For this exercise, repeat the whole listing below exactly. Leave the pictures out.

Materials provided —
+ + + + +

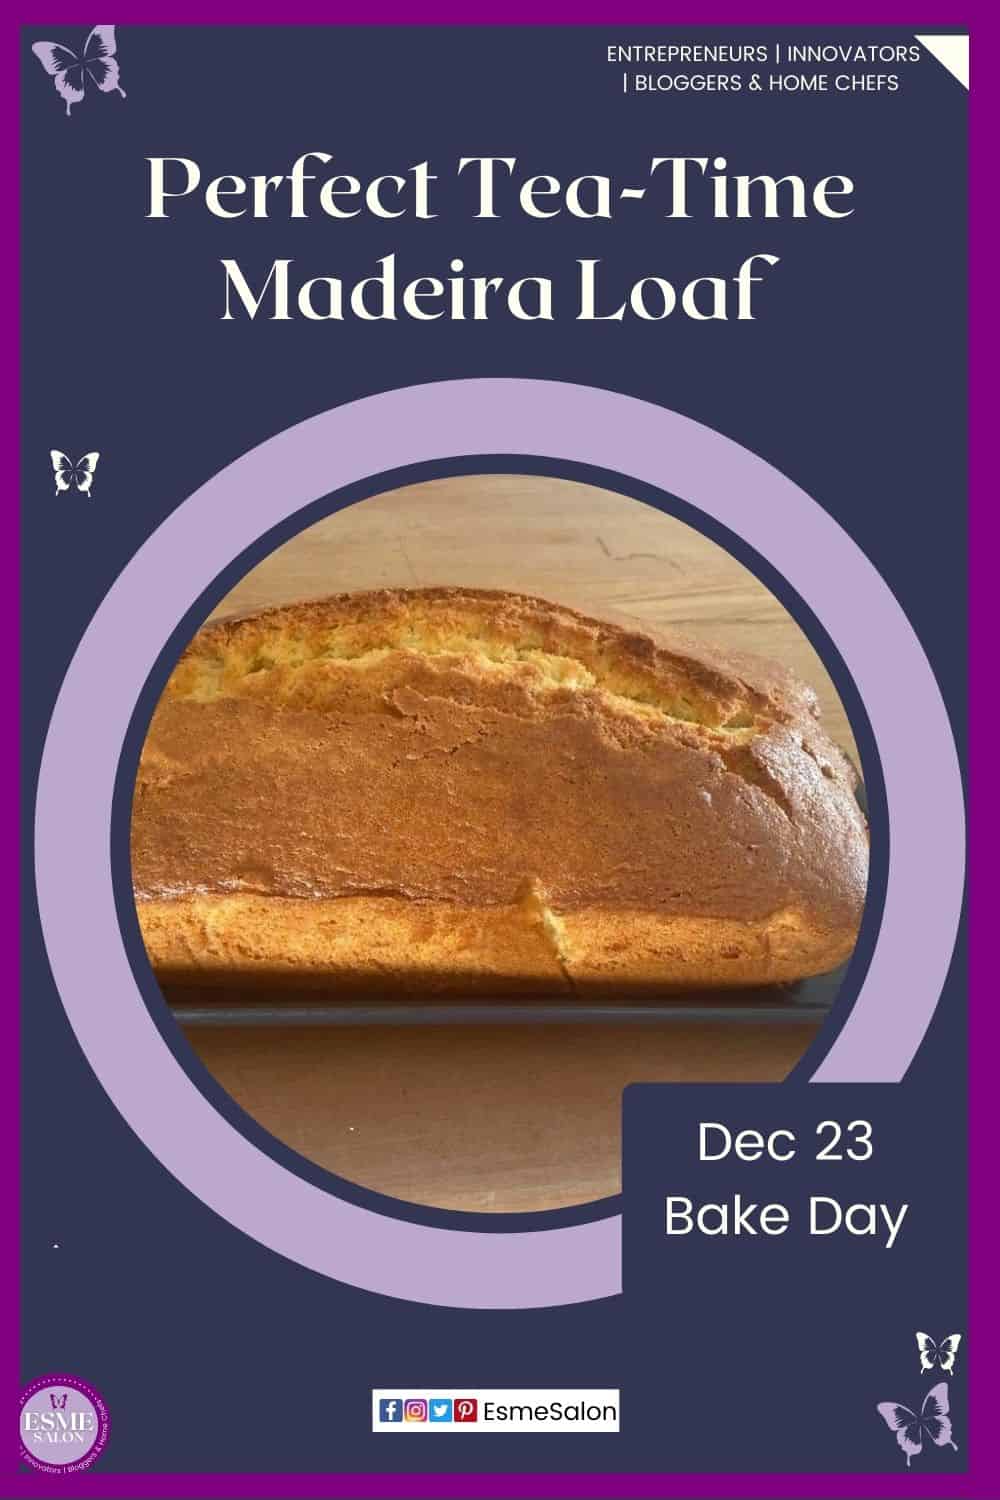 an image of a Tea-Time Madeira Loaf
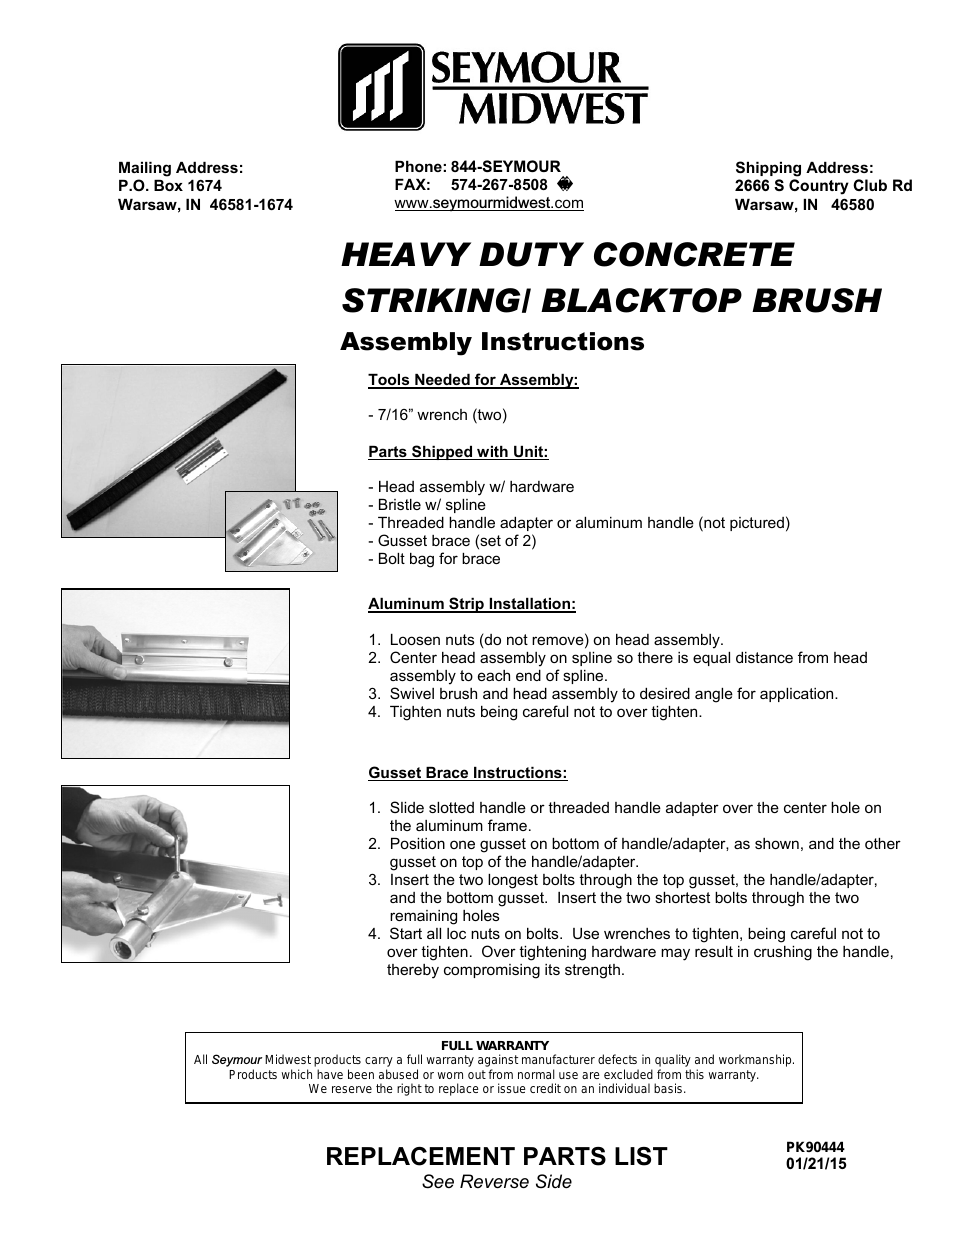 Heavy-Duty Concrete & Blacktop Brush(PK90133)
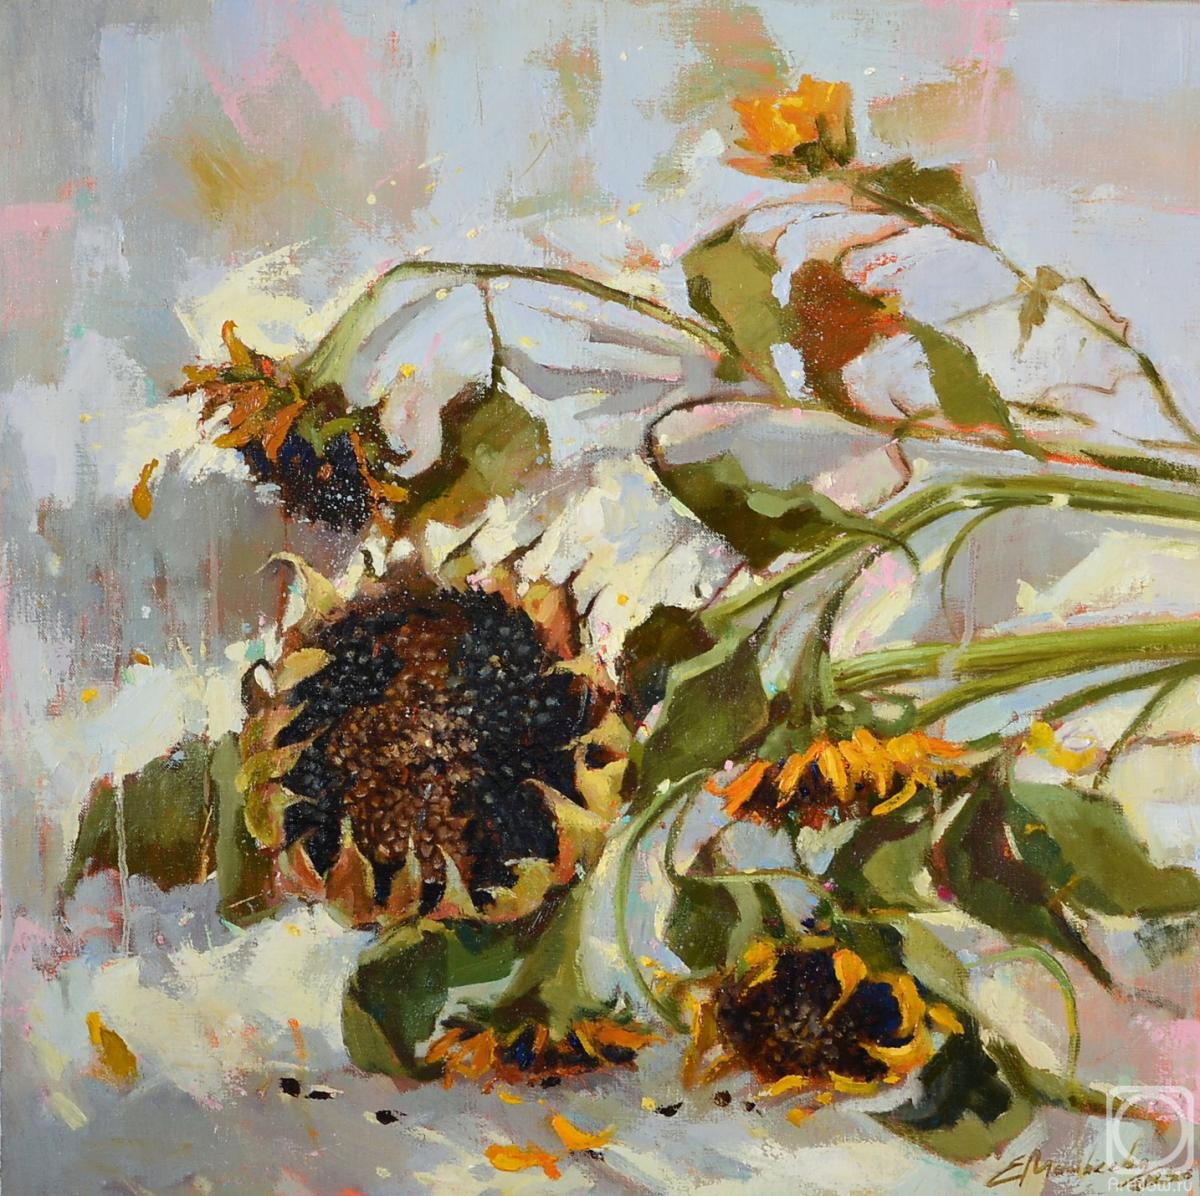 Matveeva Evgeniya. Sunflowers
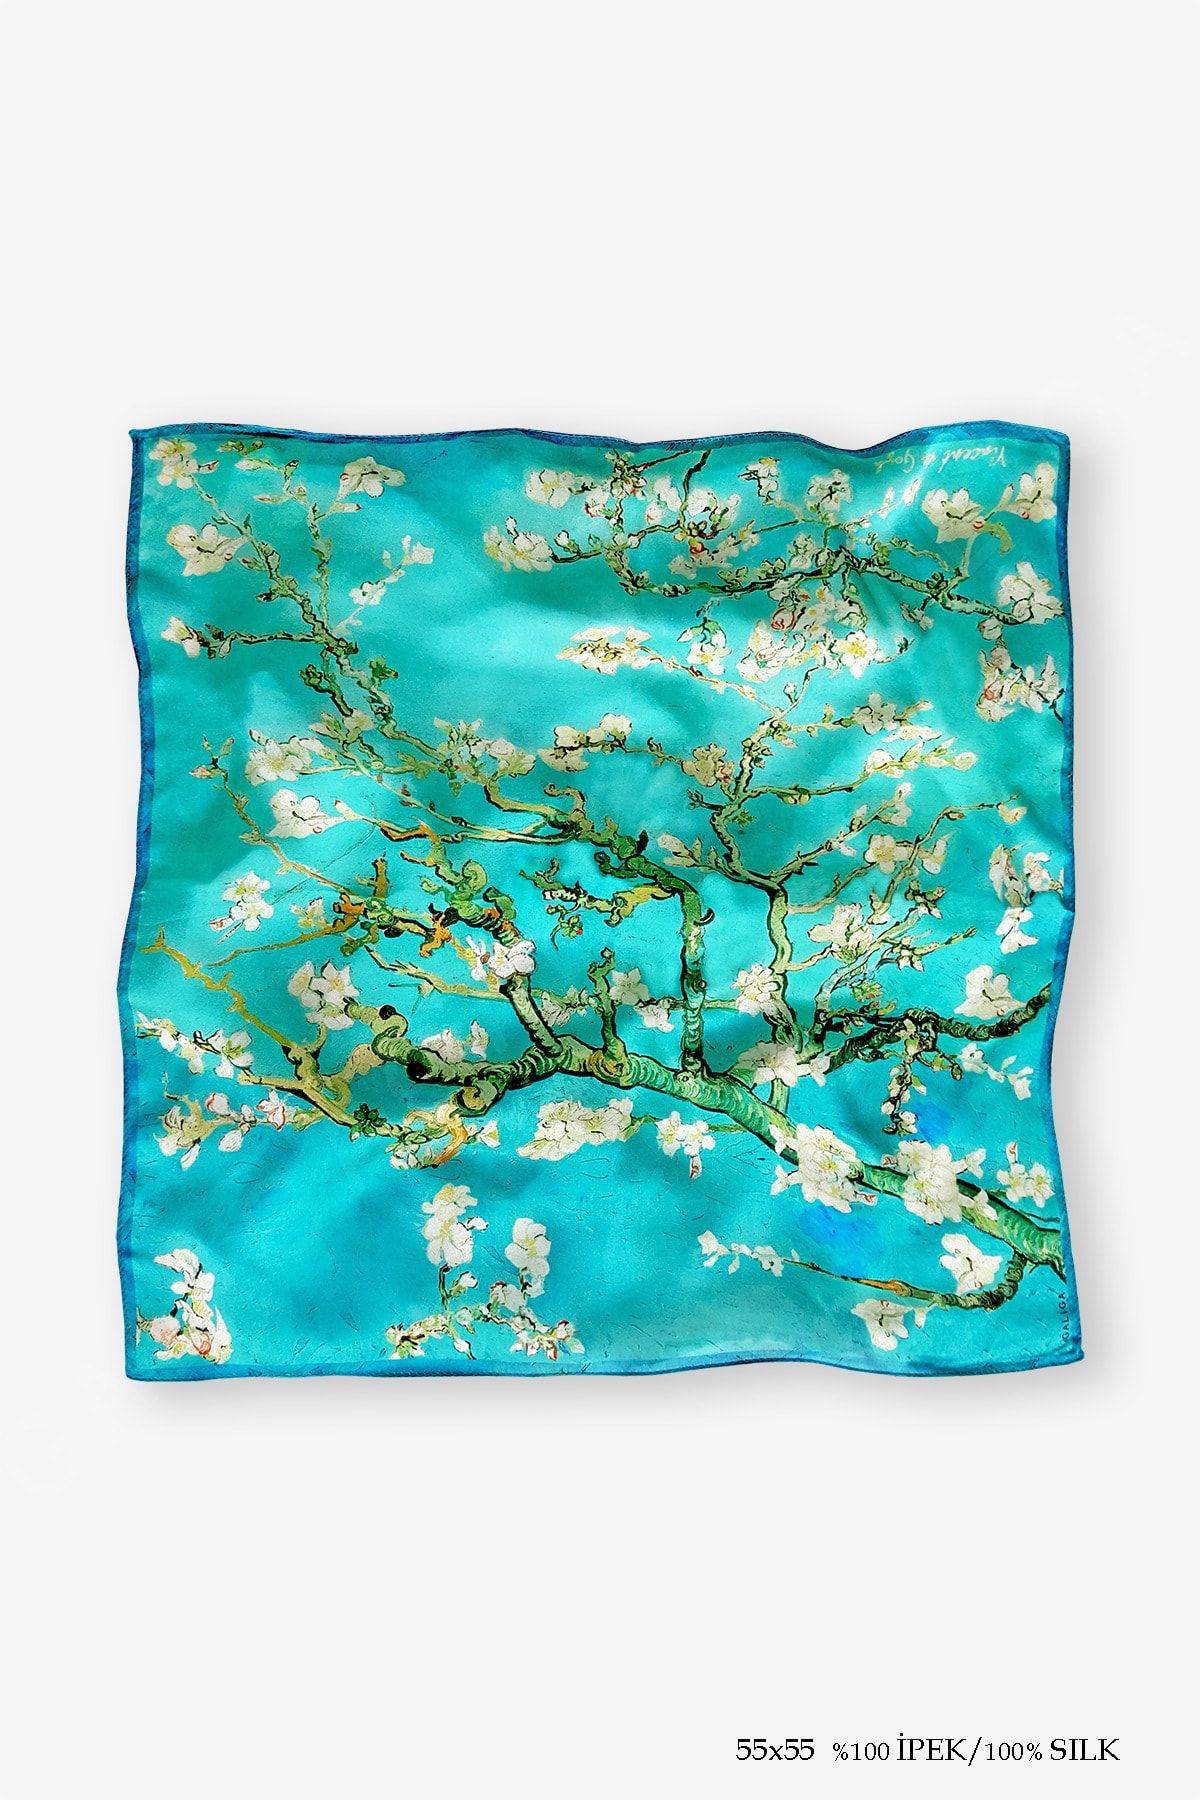 Galiga Van Gogh Almond %100 Ipek Fular 55x55cm "art On Silk"
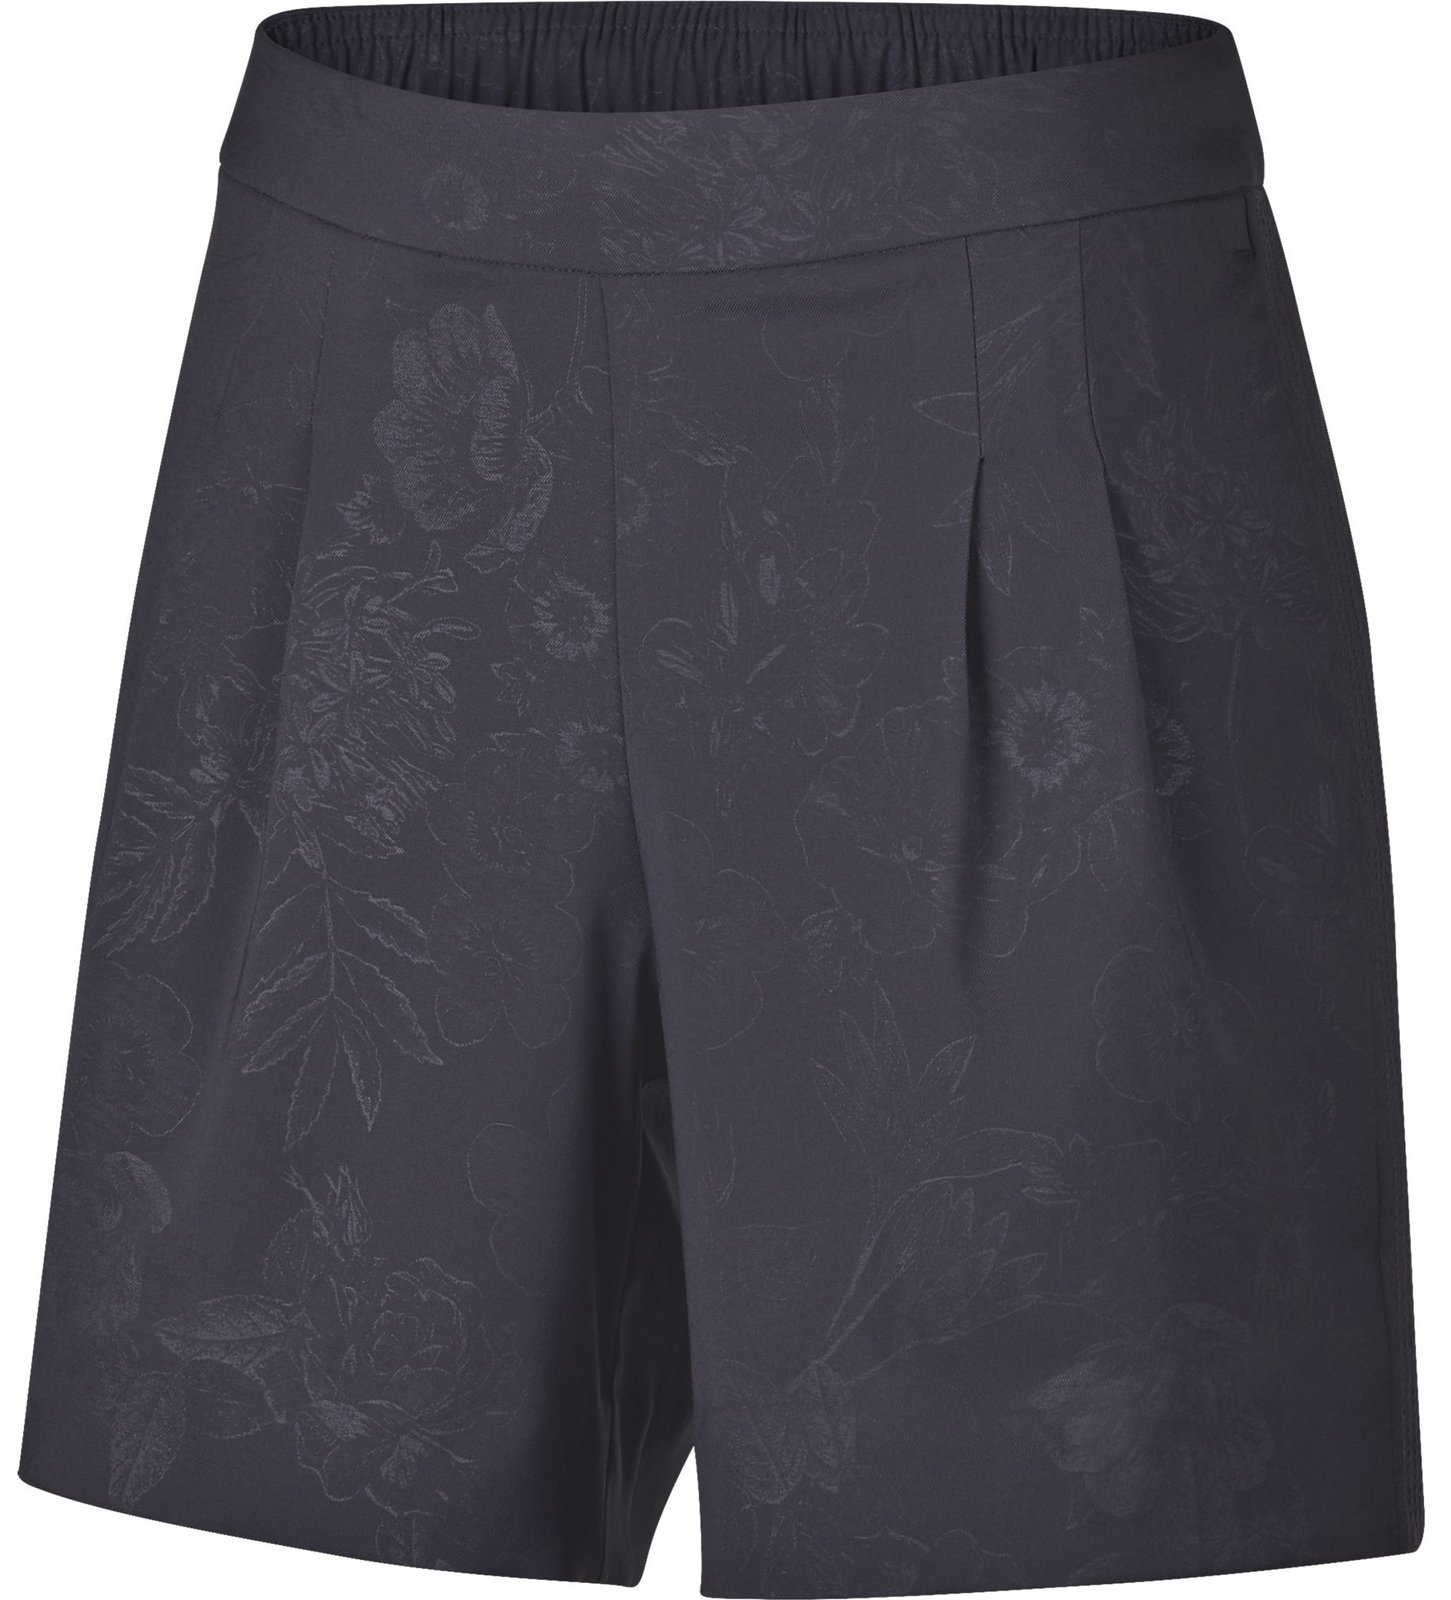 Pantalones cortos Nike Dri-Fit Floral Embossed Gridiron S Pantalones cortos

+ + + + +

Completed task —
 an image of a Tea-Time Madeira Loaf
 Heavy-Duty Concrete & Blacktop Brush(PK90133)
 Matveeva Evgeniya. Sunflowers
 Galiga Van Gogh Almond %100 Ipek Fular 55x55cm "art On Silk"
 Pantalones cortos Nike Dri-Fit Floral Embossed Gridiron S Pantalones cortos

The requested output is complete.